The states’ overwhelming opposition to the practice appeared to weigh heavily on the justices, many of whom suggested that courts are ill-equipped to decide an issue that is as much about morals and ethics as it is about the law.
“Surely the legislatures have a much greater capacity to absorb those arguments than we do,” Kennedy said.
The hard questions the justices raised during two hours of arguments Wednesday illustrated the difficulty of the legal issues involved.
Though opponents of the state bans argue that only the terminally ill have a constitutional right to doctor-assisted suicide, the justices repeatedly asked why the Constitution would not grant others the same right.
What about people not on death’s doorstep, but facing 10 years of agonizing pain, asked Justice Antonin Scalia. And, he wondered, what about people with terrible mental pain?
“Why is it limited to those on the threshold of death?” Scalia asked.
Because, said Kathryn Tucker, a lawyer representing Washington doctors challenging the law, “the dying process is already under way” for the terminally ill.
Responded Scalia, “I can tell you the dying process of all of us is under way.”
Scalia later asked a similar question of Harvard Law professor Laurence Tribe, who is representing New York doctors challenging the law.
Tribe said individuals should have “the liberty, when faced with imminent and inevitable death, not to be forced by the government to endure a level of pain and suffering that one can endure only when unconscious.”
Scalia, in what appeared to be a sarcastic remark, asked, “Is all this in the Constitution?
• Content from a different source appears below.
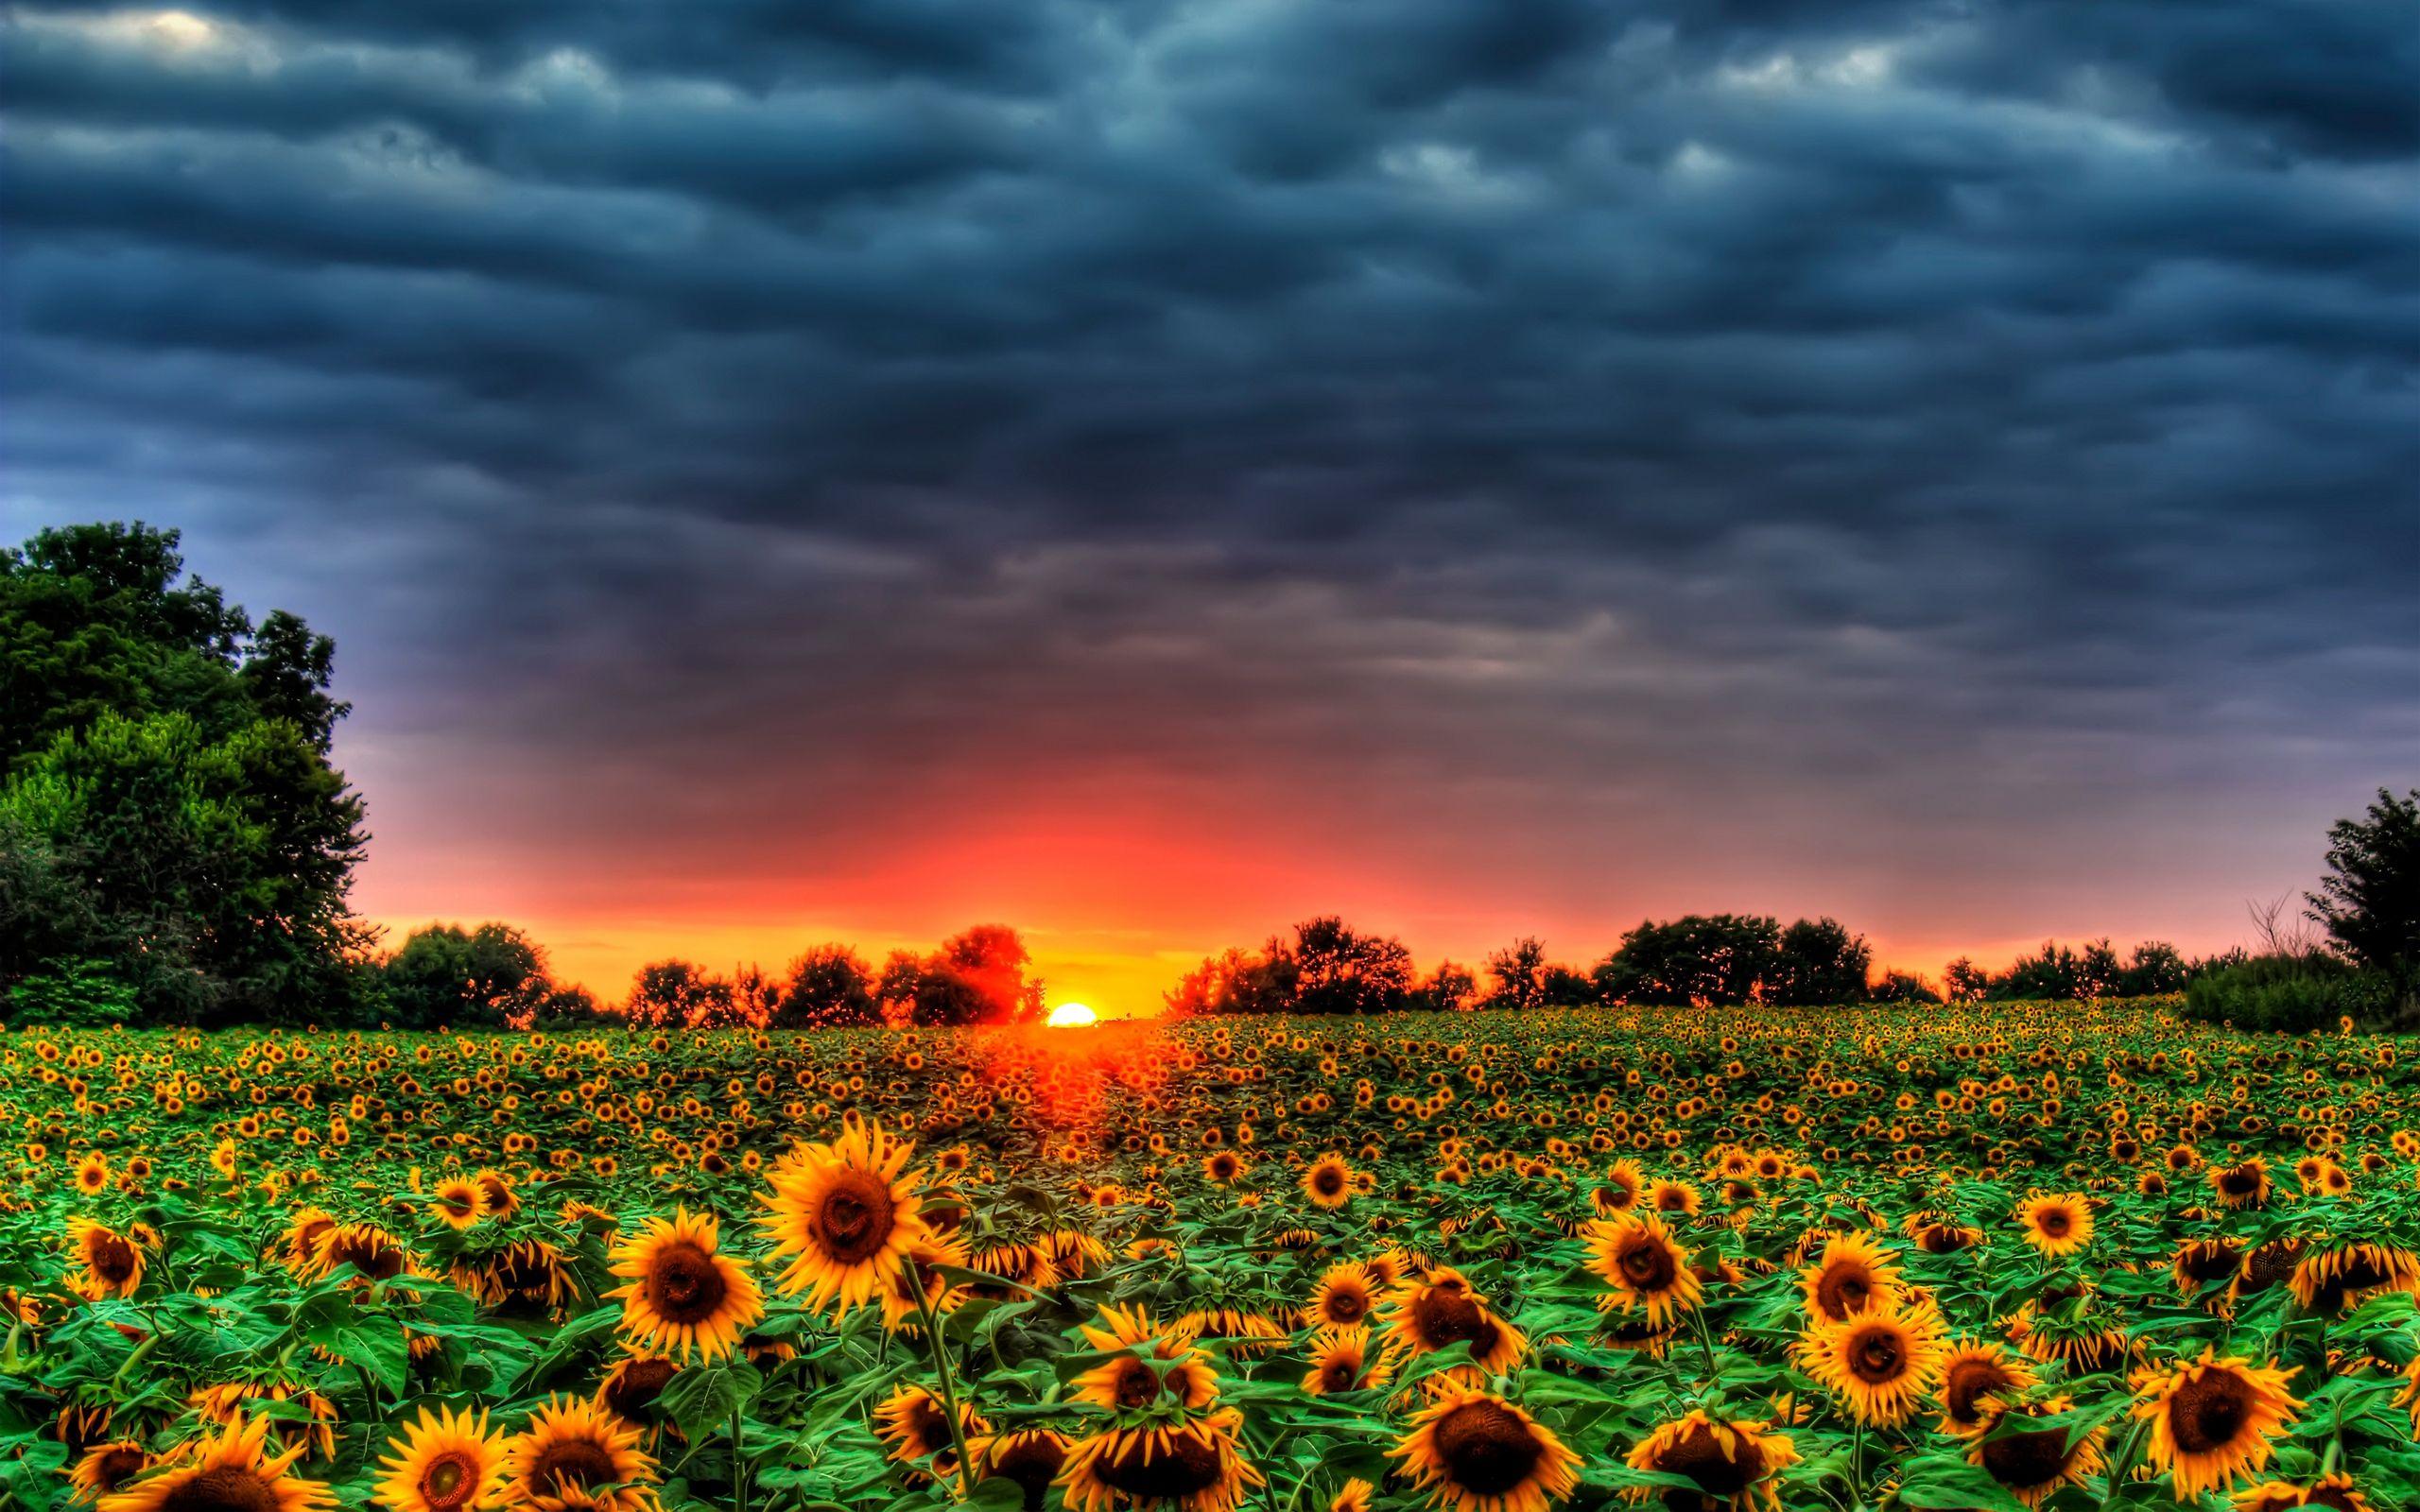 Field Of Sunflowers Beautiful Beauty Clouds Free Wallpapers Sunflower Photo Field Wallpaper Sunflower Wallpaper

This is lovely philosophy.”
Tribe defended the New York appeals court ruling that if states allow dying patients to refuse medical treatment, they should also allow the terminally ill to take medication to hasten death. The Supreme Court in 1990 acknowledged that a dying person may have a right to refuse medical treatment.
The justices appeared concerned that if the court were to recognize a right to die, it would have to wrestle with those and other issues in coming years. Beyond the issue of deciding which kind of patient has a right to die, for example, other justices seemed concerned about whether doctor-assisted suicide would quickly lead to euthanasia.
“There’s no doubt what would happen,” O’Connor said of a ruling recognizing a right to die. “It would result in a flow of cases through the court system for heaven knows how long.”
Tucker argued that legislative process couldn’t adequately deal with the issue because “people in our society do not deal with their own mortality until they’re confronting death.”
Ginsburg, however, noted that most people confront the issue when a friend or relative suffers a fatal illness.
Justice David Souter said that in previous cases, the court has been more willing to step in if the political process is shutting out certain groups and denying them fair representation.
“(Here), everybody is in the same boat,” Souter said. “If you’re right about the denial of death, that denial simply reflects the way we are.”
Tucker also urged the court to get involved because, she said, the terminally ill and others seeking a right to die generally are not activists. But the scores of briefs filed in the case, as well as the throngs of protesters who filled the front steps of the court, belied that argument.
Despite the cold Wednesday morning, dozens of people marched with signs saying, “We support physician aid in dying.” Dozens of others, most in wheelchairs, countered with brightly colored signs emblazoned with “Not dead yet,” or, “Your mercy is killing me.”